A business credit score is a reflection of your business entity’s creditworthiness and financial standing. Here, the business stability and debts associated with the company are considered to determine the business credit score.
If your enterprise has a poor reputation of defaulting on payments or has filed for bankruptcy, the financial organisations may view your business as a risky business and reject your loan request.
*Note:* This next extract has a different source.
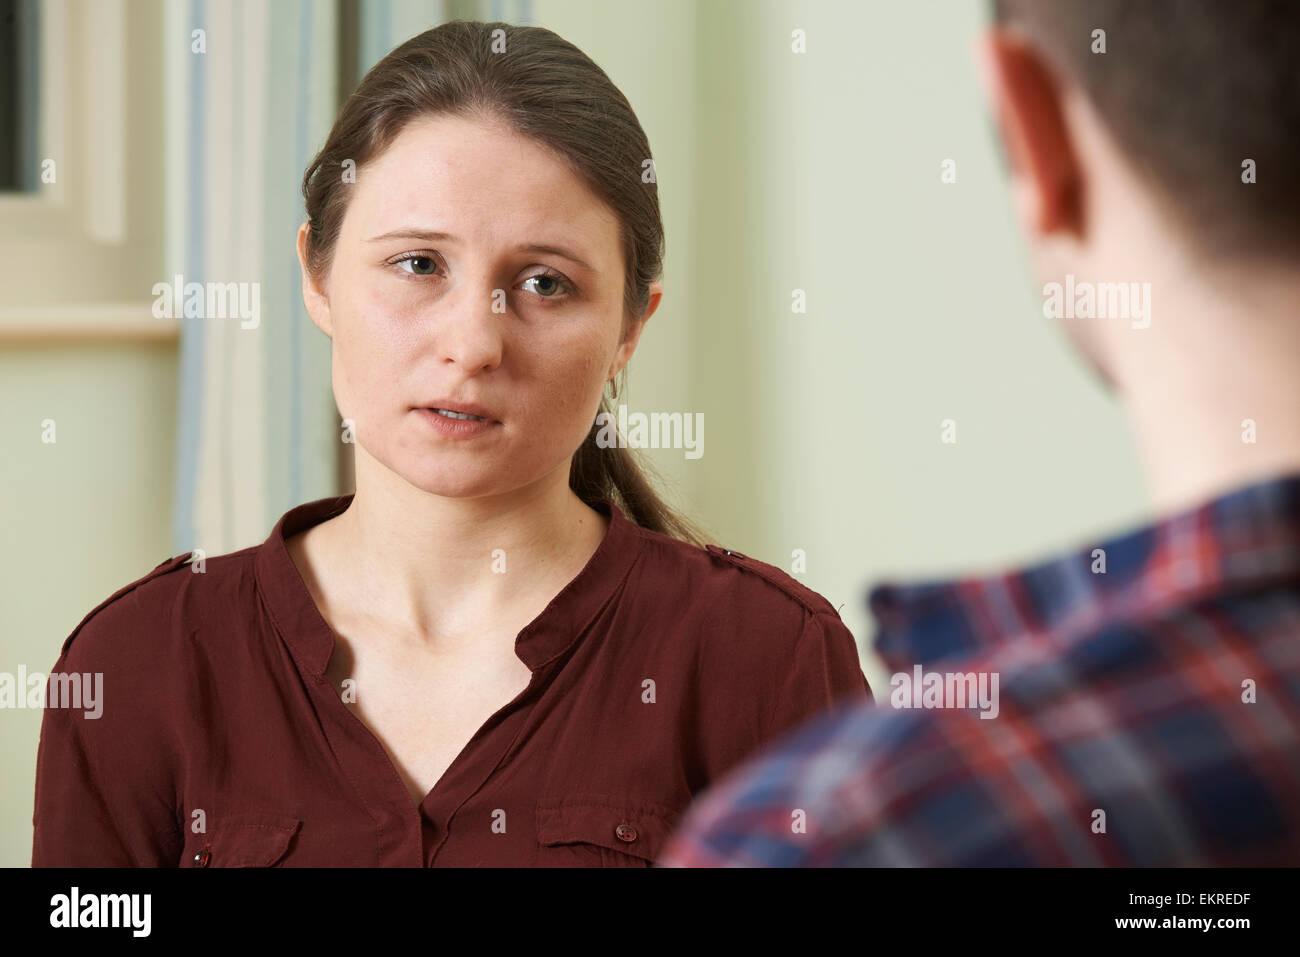 Jeune femme déprimée parler à conseiller Photo Stock

The credit bureaus consider the following factors to determine business credit score:
• Business vintage
Business vintage refers to the number of years your enterprise has been taking and retiring debt. The older your organisation is, the better the chances of the business credit score being high. In the context of a business loan, most lenders prefer extending loans to enterprises that are at least five years old; this will help improve your chances of getting loan approval without any hassles.
• Debt repayment history
The number of credits you have availed for your business enterprise in the last nine months has a direct impact on the business credit score. Additionally, every time you apply for a new loan for your business, the lending organisations will initiate a hard inquiry into your business’s credit standing and request a credit report from the bureaus. Having too many inquiries within a short time may affect your credibility.
• Credit Utilization
Higher utilization percentage on working capital limits is often an indicator of financial stress that a business entity is going through. This might negatively hamper an entity’s credit score or rank.
• Adverse Information
If you have failed to repay your loan in the last several years or any lender has initiated legal action against your business entity for defaulting, or your business entity has been tagged as a wilful defaulter, or certain credit facilities have been written off, then it may affect your business creditworthiness and credit score in a negative way.
Conclusion
The key difference is that your personal credit score indicates your ability to repay your EMIs and credit card bills, whereas the business credit score or rank indicates your business entity’s ability to repay its credit facilities. No matter the type of loan you are applying for, be it for personal or business purposes, your credit score is vital. It is a good practice to get a business credit check report and review it carefully to understand your business’s current rating, and you can make an informed business loan borrowing decision.
If you own a small business enterprise that comes under the MSME (micro, small and medium enterprise) category, it is better to maintain good personal and business credit scores as they may impact different aspects of your finances.